Let us now consider fault detection latency, the duration between the occurrence and detection of a fault, for this CED scheme. For an encryption algorithm that has $r$ rounds and $n$ clock cycle(s) per round, the fault detection latency in the worst case is $2 \times n \times r$.

### 4.2 Round Level CED

A closer look at the symmetric encryption algorithms reveals that the inverse relationship between encryption and decryption exists at the round level as well. Passing the input data successively through one encryption round and the corresponding decryption round yields the original data. For almost all the symmetric encryption algorithms, the first round of encryption corresponds to the last round of decryption; the second round of encryption corresponds to the last but one round of decryption and so on. Based on this observation, the computations can be checked at the round level. At the beginning of each encryption round corresponding round key and the input data is stored in registers before feeding to the round module. After one round of encryption is over, the output is fed to the corresponding round of decryption. The output of decryption round is calculated using the stored key and then compared with the input data that was previously saved. If there is a mismatch, the encryption process is halted and an error is
signaled. Encryption with round level CED is shown in Figure 3.

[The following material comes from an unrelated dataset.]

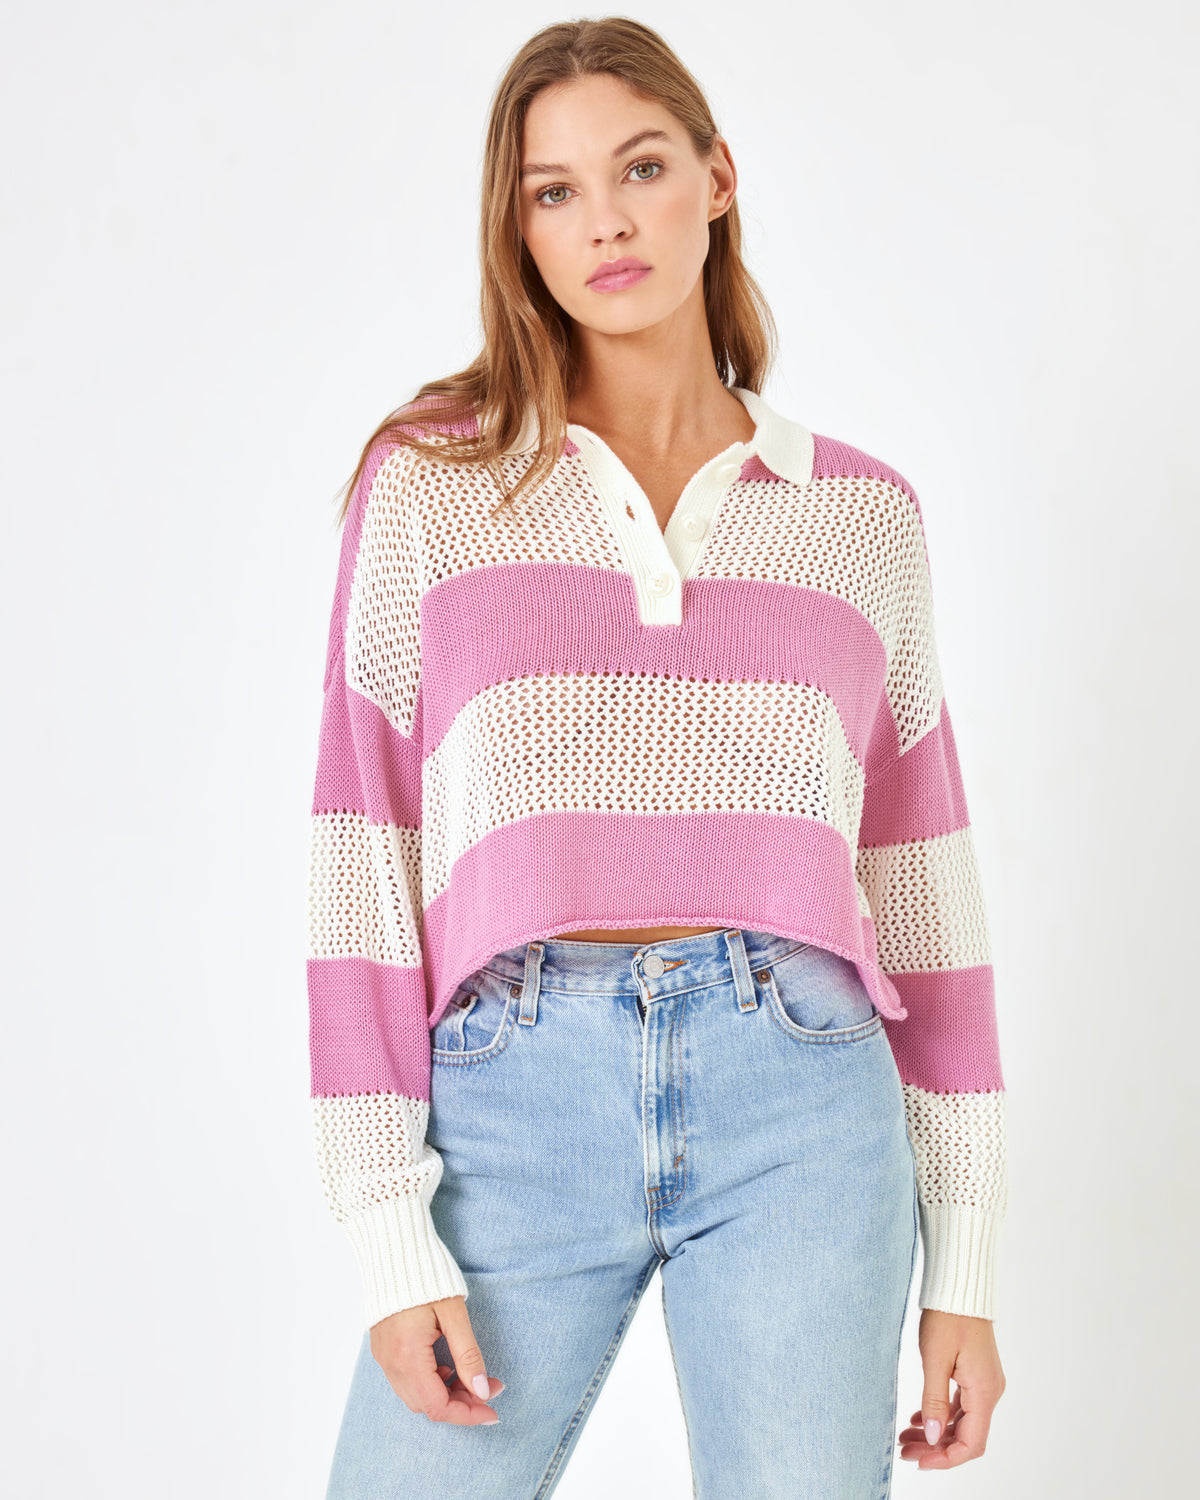 LSPACE X Anthropologie Rugby Sweater - Pink Lady Pink Lady | Model: Daria (size: S)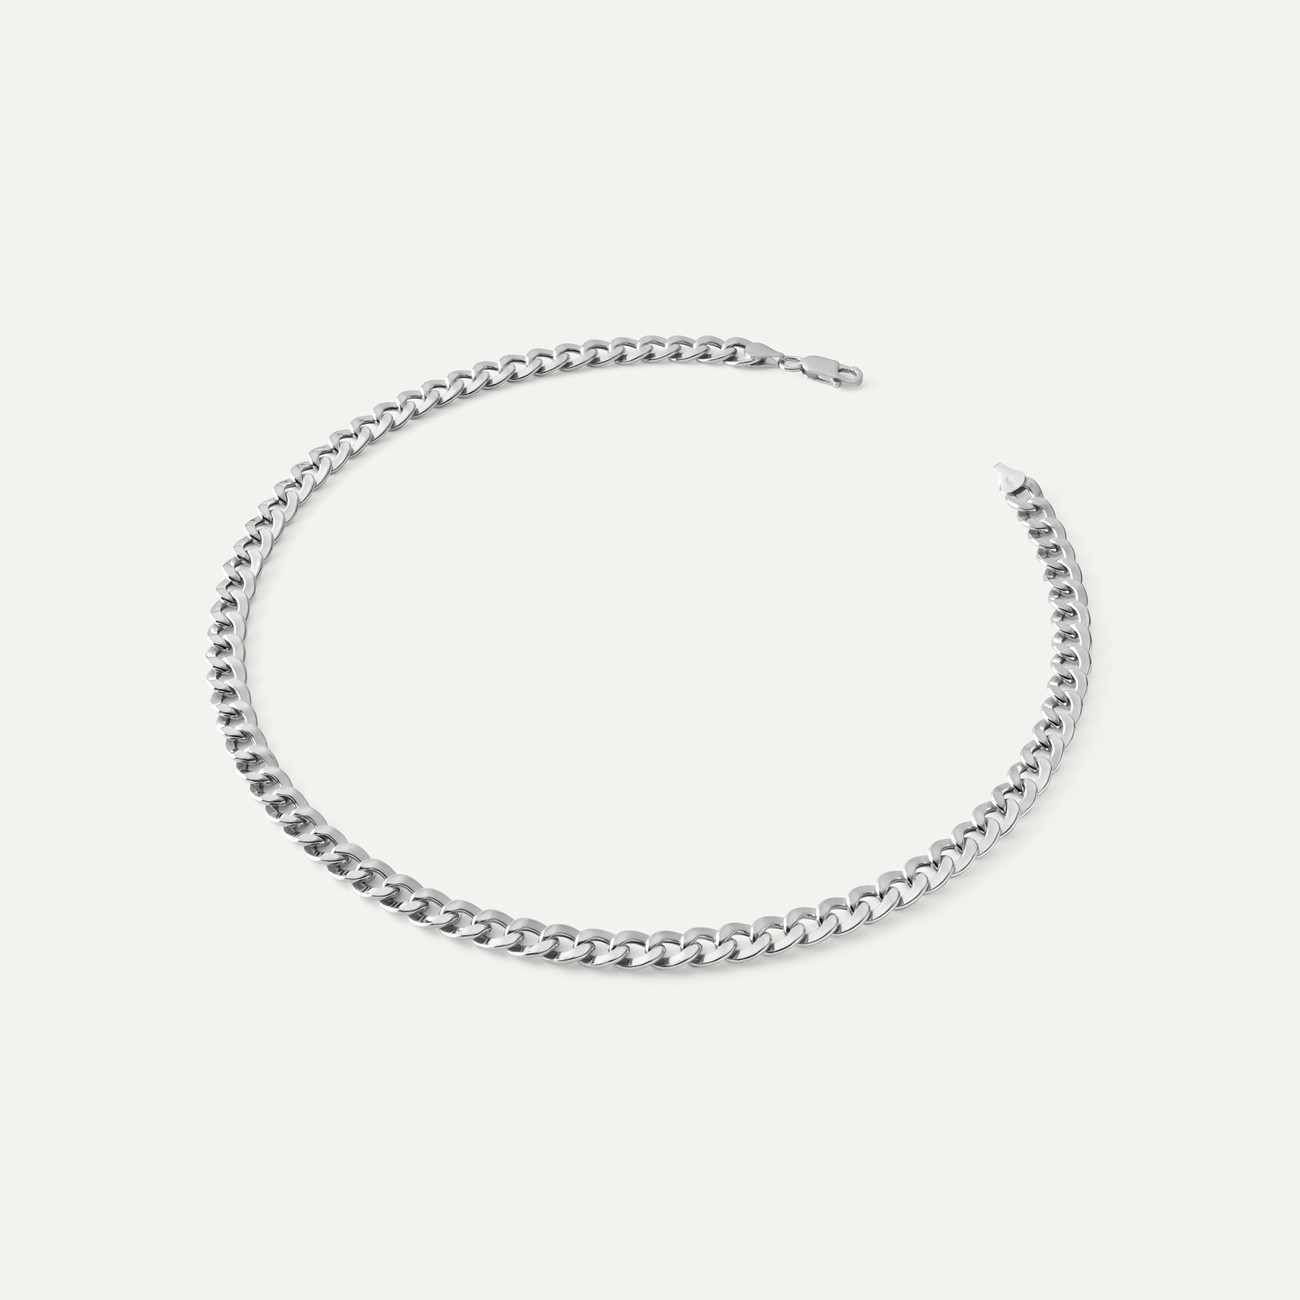 SILVER CHAIN NECKLACE CURB CHOKER 925

## Figure 3: Encryption with round level CED

The performance penalty for encrypting one block of data with round level CED is now only a round, that is, $n$ clock cycles. This is because the current round of decryption (for CED) can start concurrently with the next round of encryption. Further, the fault detection latency in the worst case is twice the time required for one round. Since each round takes $n$ clock cycles, this equals $2 \times n$. The area overhead of round level CED is due to the additional registers, comparators, multiplexers and complex control. Table 2 shows the rounds of encryption and the corresponding rounds of decryption for each of the AES symmetric encryption algorithm. For example, in Serpent (32-round implementation), "round i" of encryption corresponds to "round (33-i)" of decryption and vice versa.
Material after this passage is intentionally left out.